Like maybe 20% cut in wage, or whatever.

I have been involved in 2 major strikes, and trust me on this- workers dont 

want to strike. You go without pay, maybe a day, maybe forever.( as was the case in your example).

Then their is company revenge- maybe they decide to lay off the bottom 30% after a strike. And that was the case at one place.

In the last 20 years, a vote to strike is a last resort. And every person voting yes to a strike knows it could be the last time they step foot in that building. And with the job market the way it is, that is taken as seriously as death.


----------



## robnj772 (Jan 15, 2008)

big2bird said:


> :laughing:Need I say it? Sure. Wrong yet again. :laughing:


Did your mother have any children that lived?

You are so stupid and pathetic it's embarrassing.

I feel so sorry for your family


----------



## gold (Feb 15, 2008)

robnj772 said:


> Did your mother have any children that lived?
> 
> You are so stupid and pathetic it's embarrassing.
> 
> I feel so sorry for your family


Racist.


----------



## eejack (Jul 14, 2012)

wendon said:


> http://www.gallup.com/poll/157025/labor-union-approval-steady.aspx
> 
> Of course then it might depend on who's poll you believe!
> 
> http://www.rasmussenreports.com/pub..._have_favorable_view_of_unions_45_unfavorable


I do not give either gallup or rasmussen any real credibility - they both tend to make up the results they want.

Pew _seems_ fair - unions were less liked a few years ago and are rising in popularity. Gallup had them at 52% for the last couple of years...

http://www.pewresearch.org/fact-tank/2013/09/02/opinion-of-unions-is-up-membership-down/

It would be really nice if there were completely non biased polling companies because, hey if you watch Fox you use Rasmussen polls and they always jive with Fox - Gallup and CNN...same thing. 

I personally believe part of the problem in the country right now is the news we get is so polarized that if you get your entertainment from one place you don't know you are being lied to and you believe the lies.


----------



## BBQ (Nov 16, 2010)

It's pretty simple and no polls are needed

If the union was as popular, as great, as effective as some here claim it is, it would not be in decline. There would be a huge line of people trying to get in.


----------



## robnj772 (Jan 15, 2008)

eejack said:


> I do not give either EEJACK or BIGTURD any real credibility - they both tend to make up the results they want.
> 
> .


Fixed it for you


----------



## Loose Neutral (Jun 3, 2009)

BBQ said:


> It's pretty simple and no polls are needed
> 
> If the union was as popular, as great, as effective as some here claim it is, it would not be in decline. There would be a huge line of people trying to get in.


I don't think it's in decline because it's not popular, I think it's in decline cause corporate America has waged war on the unions. I know of lots of people who want to be union and as eejack said the trend will soon be changing. Thankfully the union has been good to me and I've been busy collecting other assets, but i feel sorry for the next generation of worker. If the union is not more popular it will come full circle cause everyone will be tired of getting kicked in the mouth.


----------



## BBQ (Nov 16, 2010)

Loose Neutral said:


> I don't think it's in decline because it's not popular, I think it's in decline cause corporate America has waged war on the unions.

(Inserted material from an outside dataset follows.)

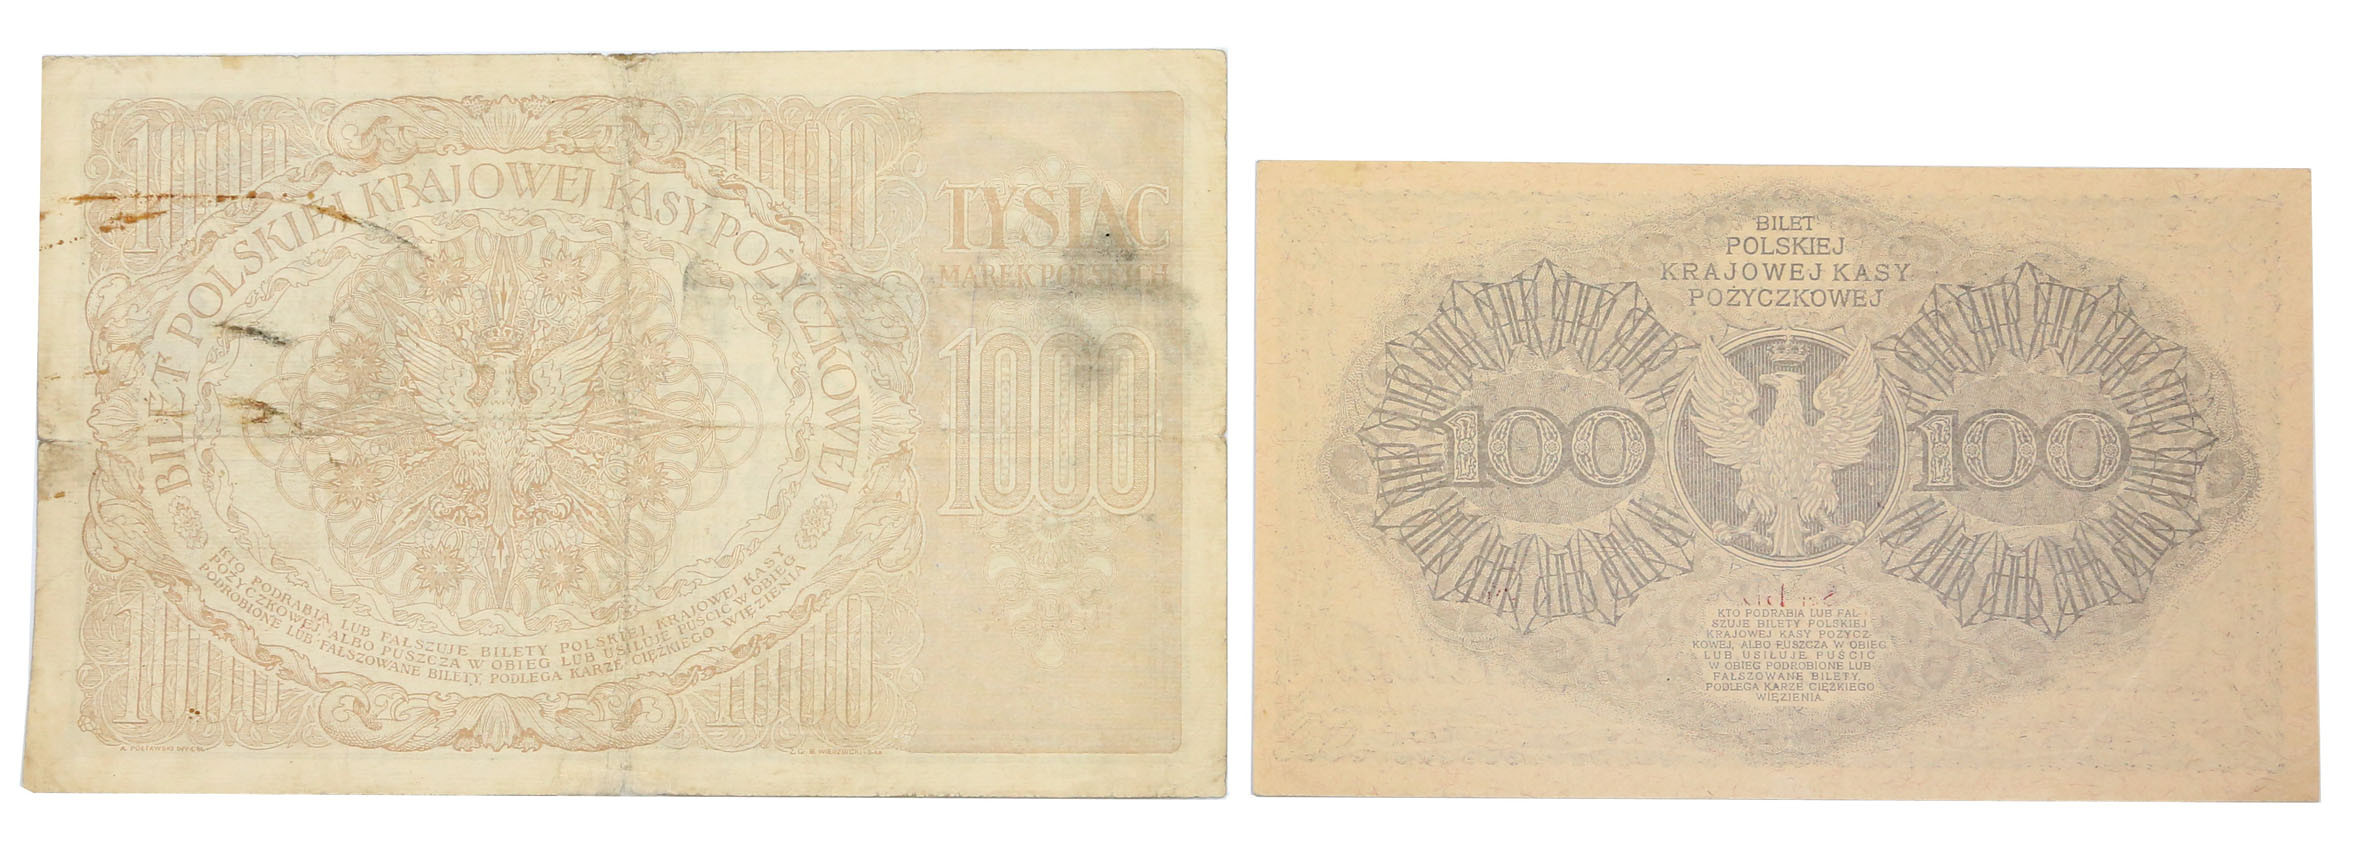 100, 1.000 marek polskich 1919, zestaw 2 banknotów

I can't agree, when the workers wanted the unions they made it happen at a time when there was little protection for organizers and certainly the robber barons of the times did all they could .... much more than would be allowed now .... to stand in the way of the unions.


----------



## 360max (Jun 10, 2011)

BBQ said:


> It's pretty simple and no polls are needed
> 
> If the union was as popular, as great, as effective as some here claim it is, it would not be in decline.* There would be a huge line of people trying to get in.*




...what percentage of non union electricians have a better overall package than the union? Who is better trained ? Who offers free continuing education

BTW, its Corporate America that wants to see the unions disappear, why is that? ?


----------



## Loose Neutral (Jun 3, 2009)

BBQ said:


> I can't agree, when the workers wanted the unions they made it happen at a time when there was little protection for organizers and certainly the robber barons of the times did all they could .... much more than would be allowed now .... to stand in the way of the unions.

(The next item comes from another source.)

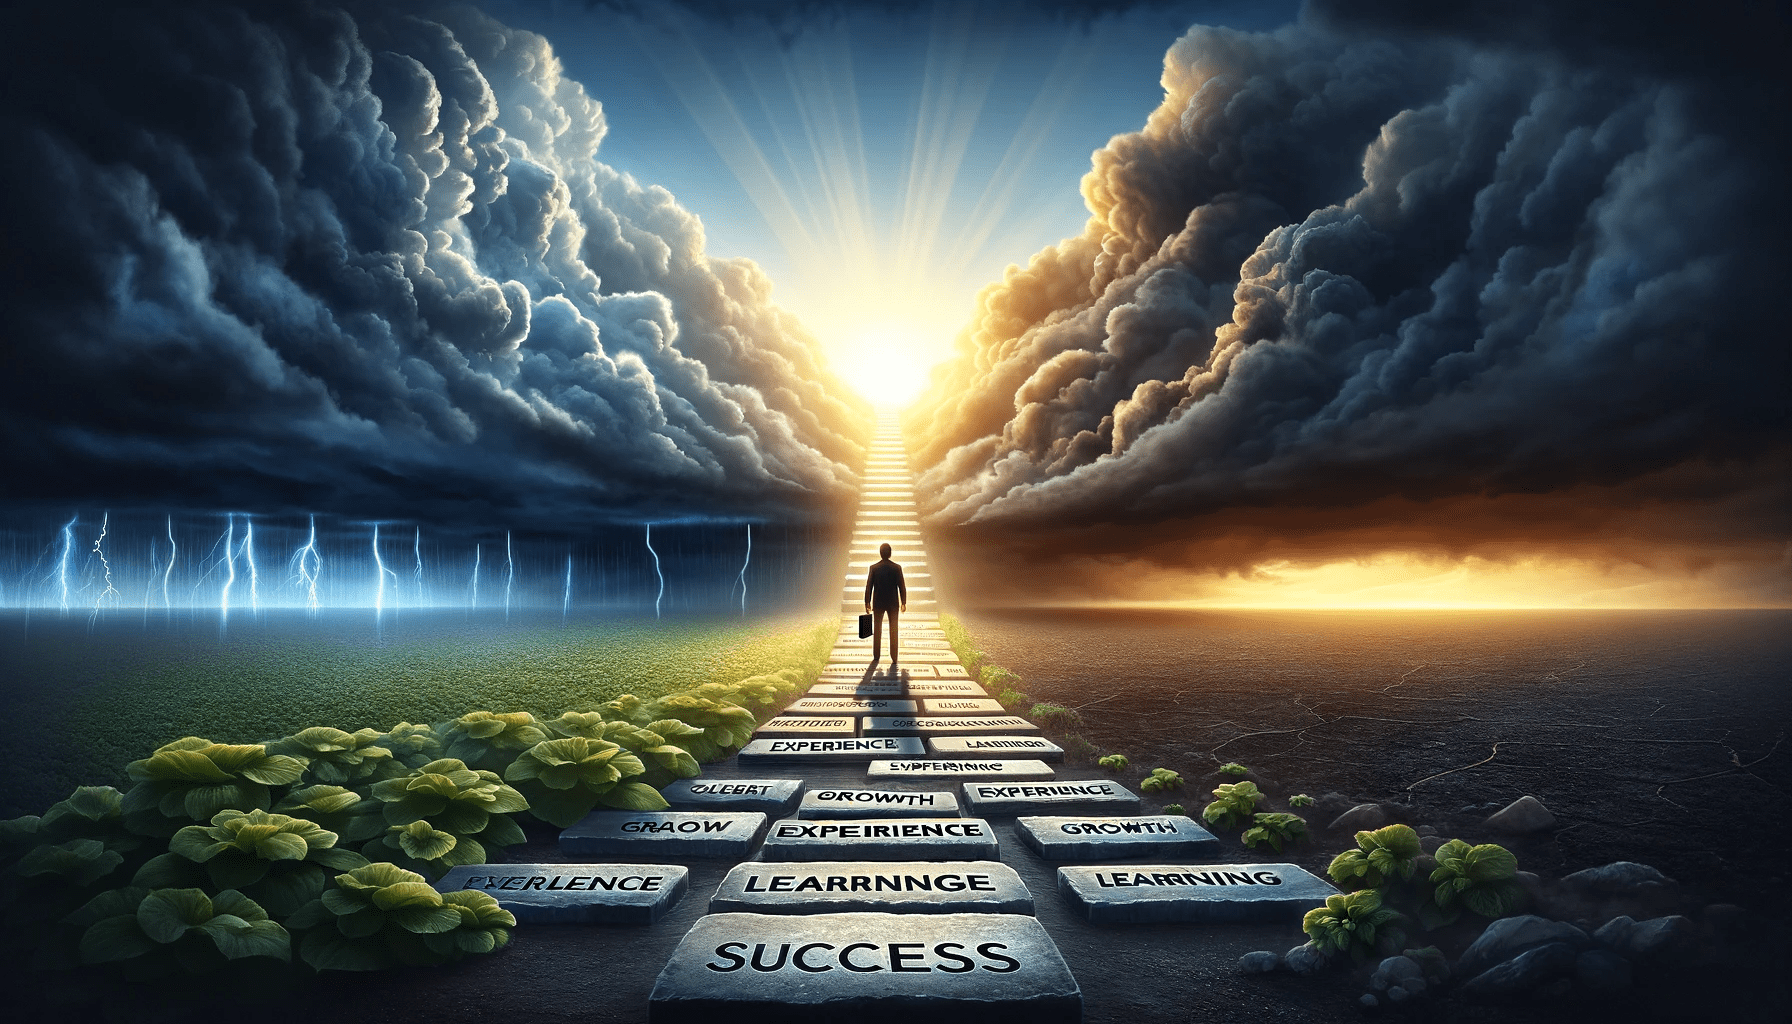 失敗から学ぶ: 成功への道のりを照らすストーリーとコンセプトを。

There is way more money involved now.


----------



## wendon (Sep 27, 2010)

big2bird said:


> That's all I'm doing. You guys flip out over the rat thing. It's hysterical.:laughing:


I've never flipped out over the rat thing. I've never even seen a rat erected except in pictures. Do I think that it's childish and immature? You bet! You want to erect a rat in my local town? Go ahead. I'd like to see the reaction. I'd be curious to see what would happen if the union thugs tried ripping out work and/or blocking others from reaching their job site in our rural area!!! :laughing::laughing::no::no::hammer:


----------



## wendon (Sep 27, 2010)

lefleuron said:


> Here is a misconception.
> 
> See, the job WAS a good paying job.
> 
> ...


The way I recall the workers were striking for higher wages at a time when a lot of locals had lost their jobs and were glad to step in to a well paying job. Bad move!!! They not only kept the plant running, the company found out they could put out the same amount with less workers.


----------



## wendon (Sep 27, 2010)

eejack said:


> I do not give either gallup or rasmussen any real credibility - they both tend to make up the results they want.
> 
> Pew _seems_ fair - unions were less liked a few years ago and are rising in popularity. Gallup had them at 52% for the last couple of years...
> 
> ...


 Actually, the only place you'll get factual, fair, and unbiased news is on ET, correct??:laughing::laughing: Fortunately, most of us still have most of our brain cells and it's not too hard to sort out the truth. Follow the money trail.


----------



## BBQ (Nov 16, 2010)

360max said:


> [/B]
> 
> ...what percentage of non union electricians have a better overall package than the union? Who is better trained ? Who offers free continuing education


Certainly overall the union provides better overall packages for the workers.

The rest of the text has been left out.